Abstract

Multiple factors are known to influence outcomes in single-aneurysm subarachnoid hemorrhage, such as Hunt and Hess (H&H) grade, hypertension, etc. We sought to assess the influence of individual risk factors on outcome in surgically managed patients with multiple intracranial aneurysm. A retrospective review of consecutive 780 patients of subarachnoid hemorrhage revealed multiple intracranial aneurysm in 63 patients with 146 aneurysms. Clinicoradiologic features, hospital course, and outcome obtained via use of the Glasgow Outcome Score were noted from hospital records. H&H grade was divided into 2 groups as good and poor whereas Glasgow Outcome Score at 1 month was divided into 2 groups as favorable and unfavorable for analysis. To test association among variables, a χ(2) test/Fisher exact test was used.
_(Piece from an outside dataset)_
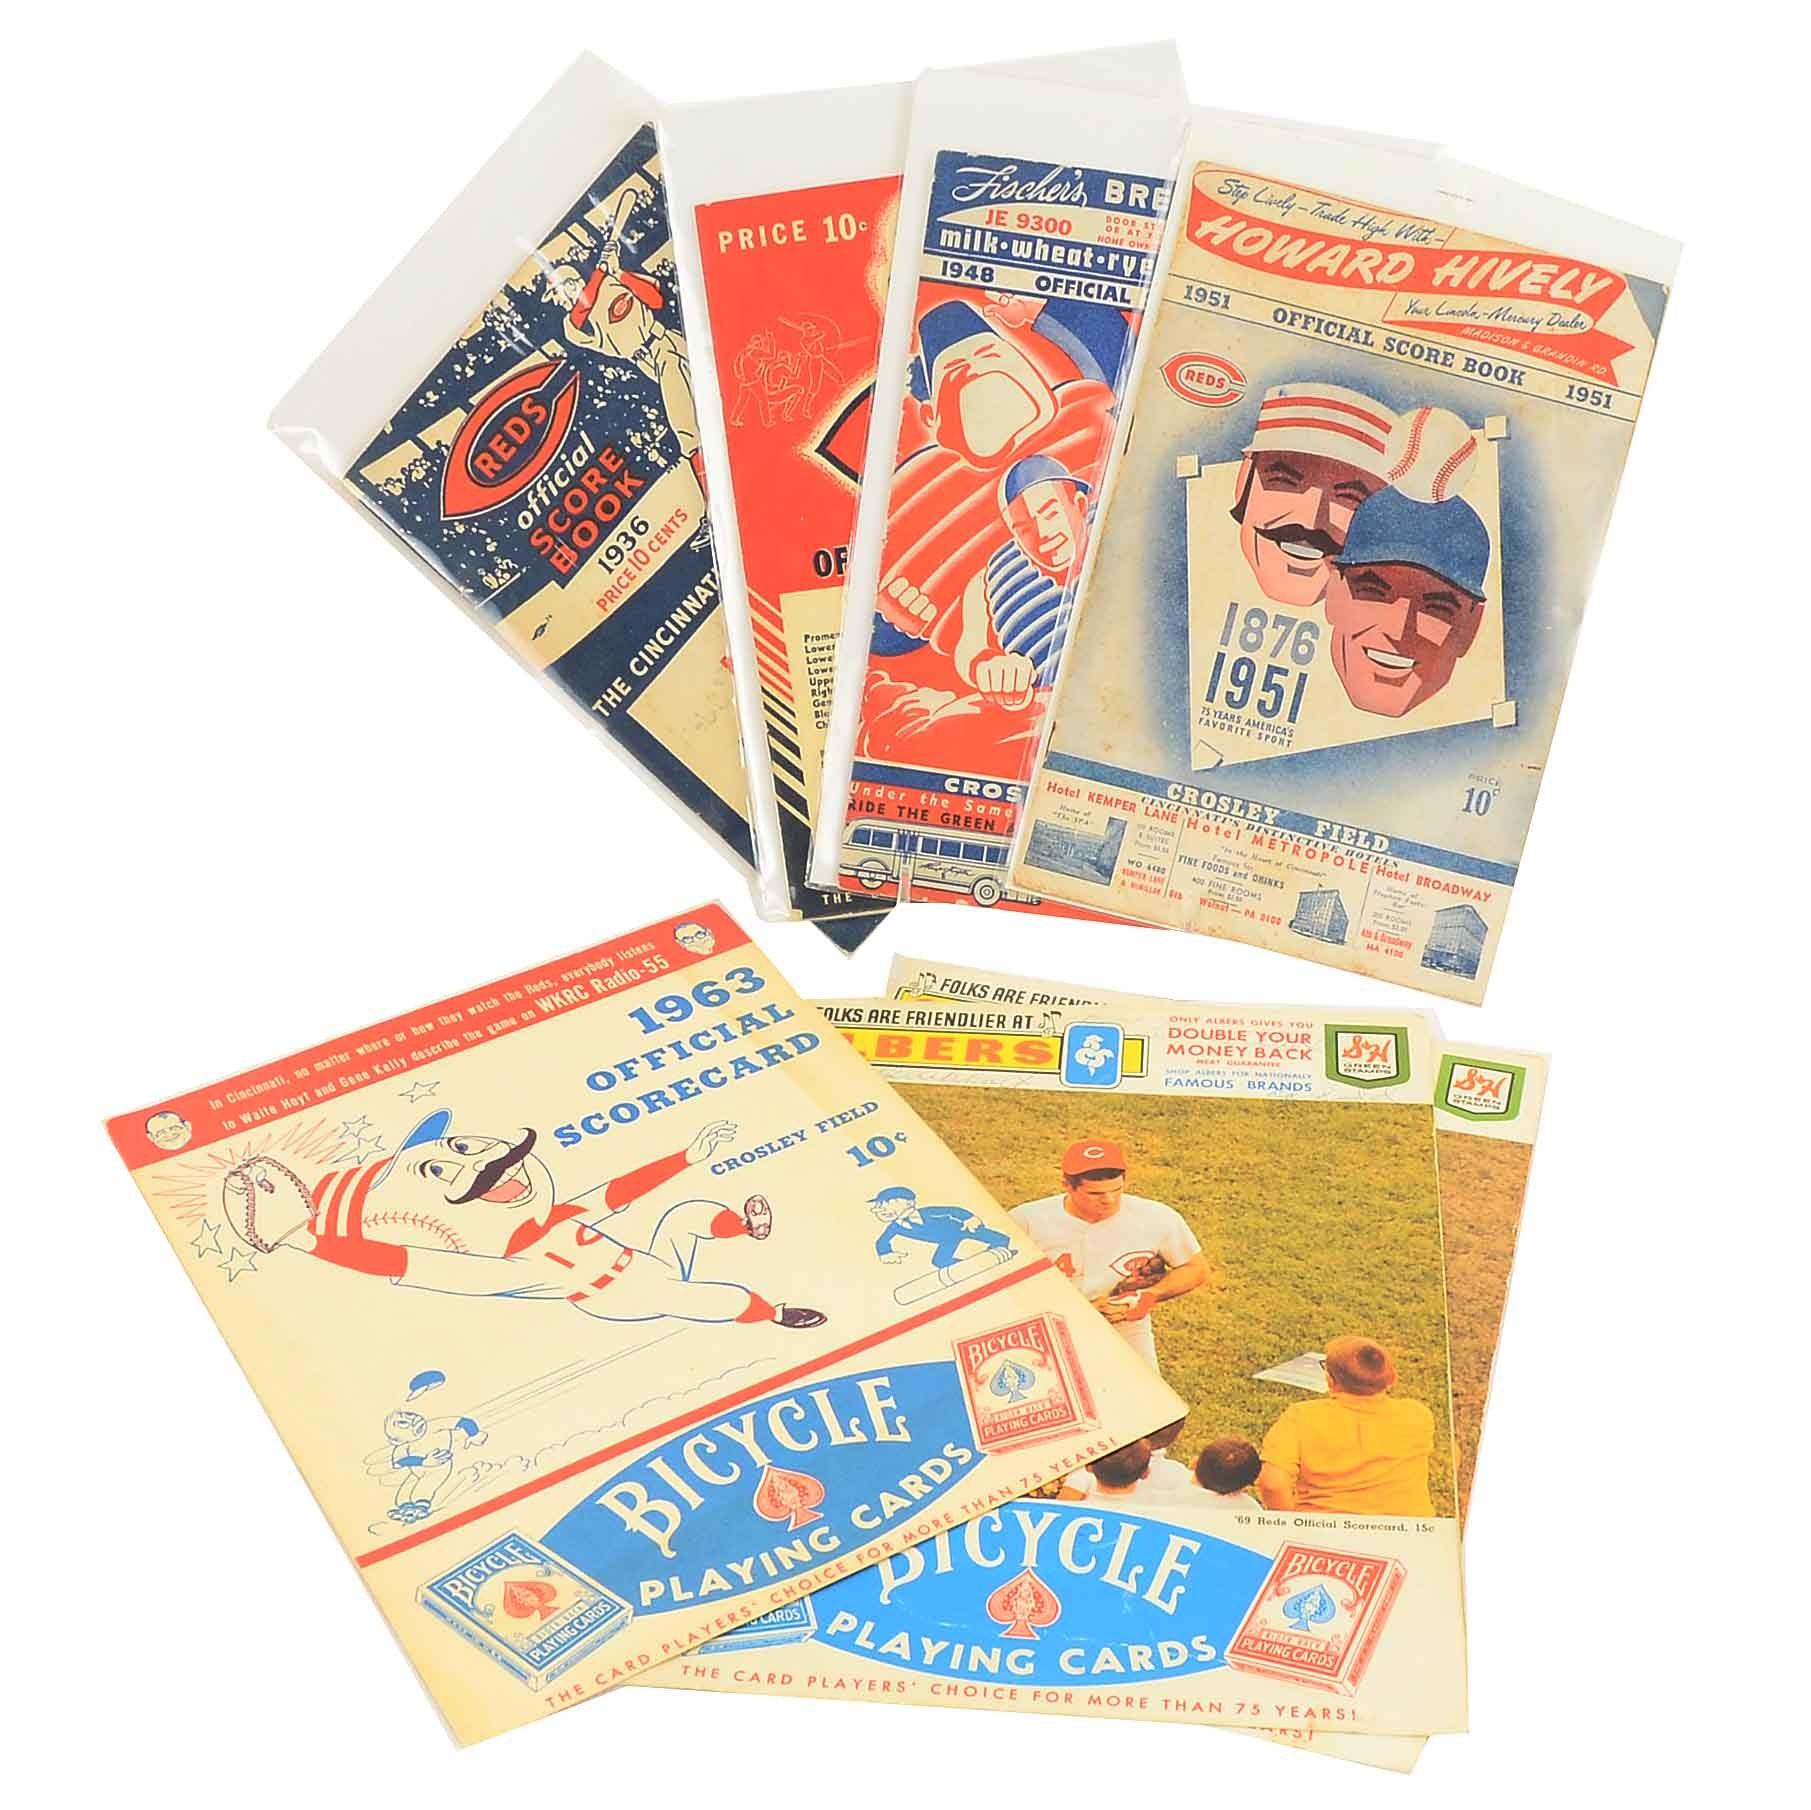 1930s-1969 Reds Scorecard, One has Signatures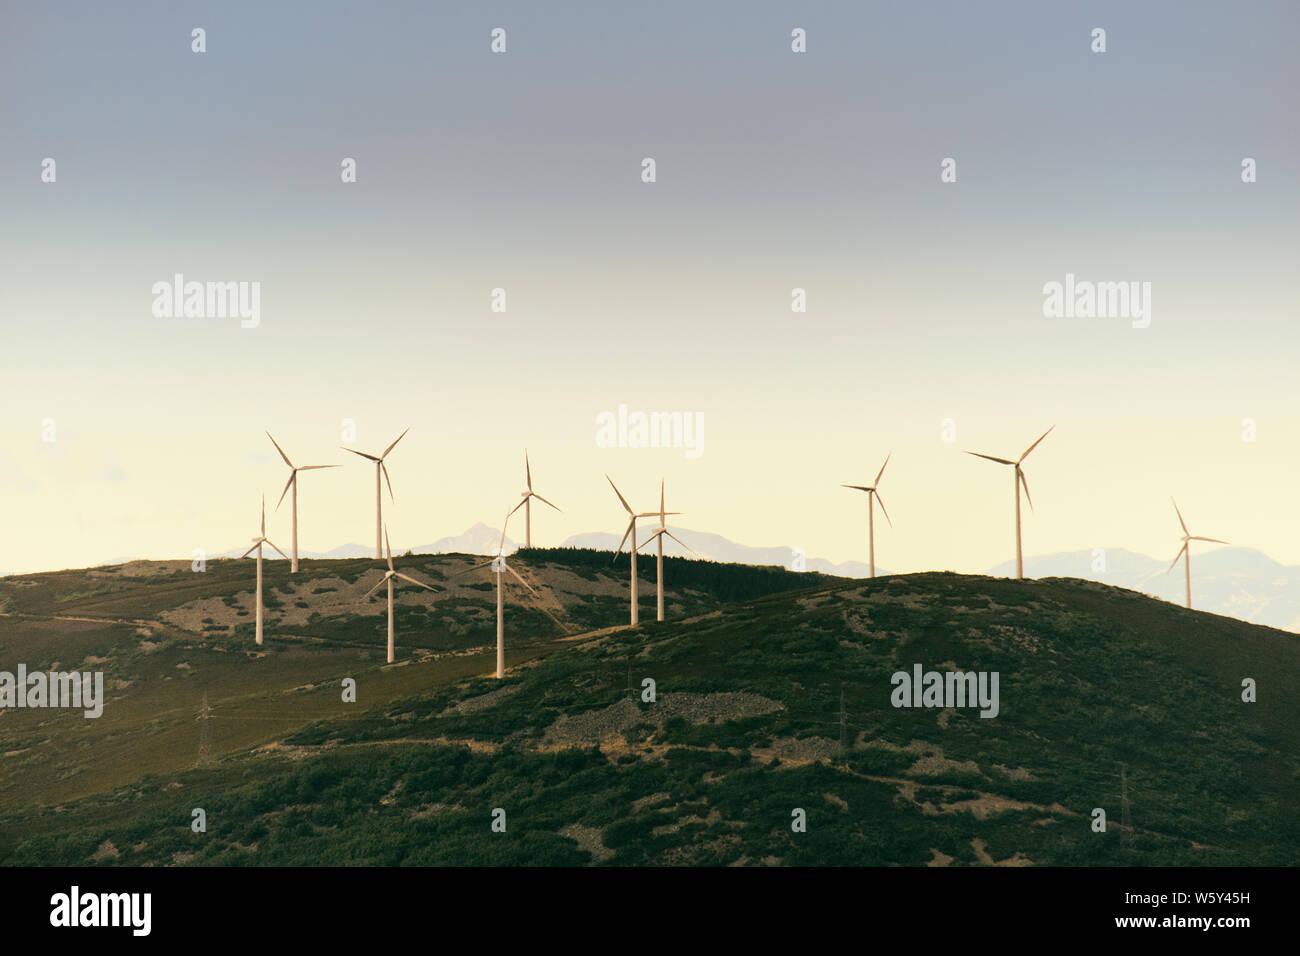 Power Generation Eolic Wind Turbines Field In Spain Stock Photo

Risk was calculated in exposure group by the use of univariate logistic regression and multivariate analysis (binary logistic regression model). A definite female preponderance was observed (male/female ratio: 1:2.71). The most common site was middle cerebral artery bifurcation (overall and male patients, n= 43); in women, it was internal carotid artery bifurcation. Anterior communicating artery aneurysm was the most common to bleed (n= 22). Early presentation resulted in worse outcomes (<4: 4-21: >21days= 44:37:33, P= .844). Vasospasm and infarct incidence was greatest in the group 4-14 days (n= 37). Infarct evolved in 15 patients (8 in territory of aneurysmal dissection/distribution). Factors influencing patient outcomes were age ≥65 years (P= 0.037), H&H grade (P= 0.04), posterior communicating artery distribution of aneurysm (P= 0.03), hypertension (P= 0.03), infarct (P= 0.001), and hydrocephalus (P= 0.01) CONCLUSIONS: Poor H&H grade, hypertension, posterior communicating artery distribution, elderly age, infarct, and hydrocephalus each influenced poor outcomes at 1 month. Hydrocephalus is predictive of poor outcome.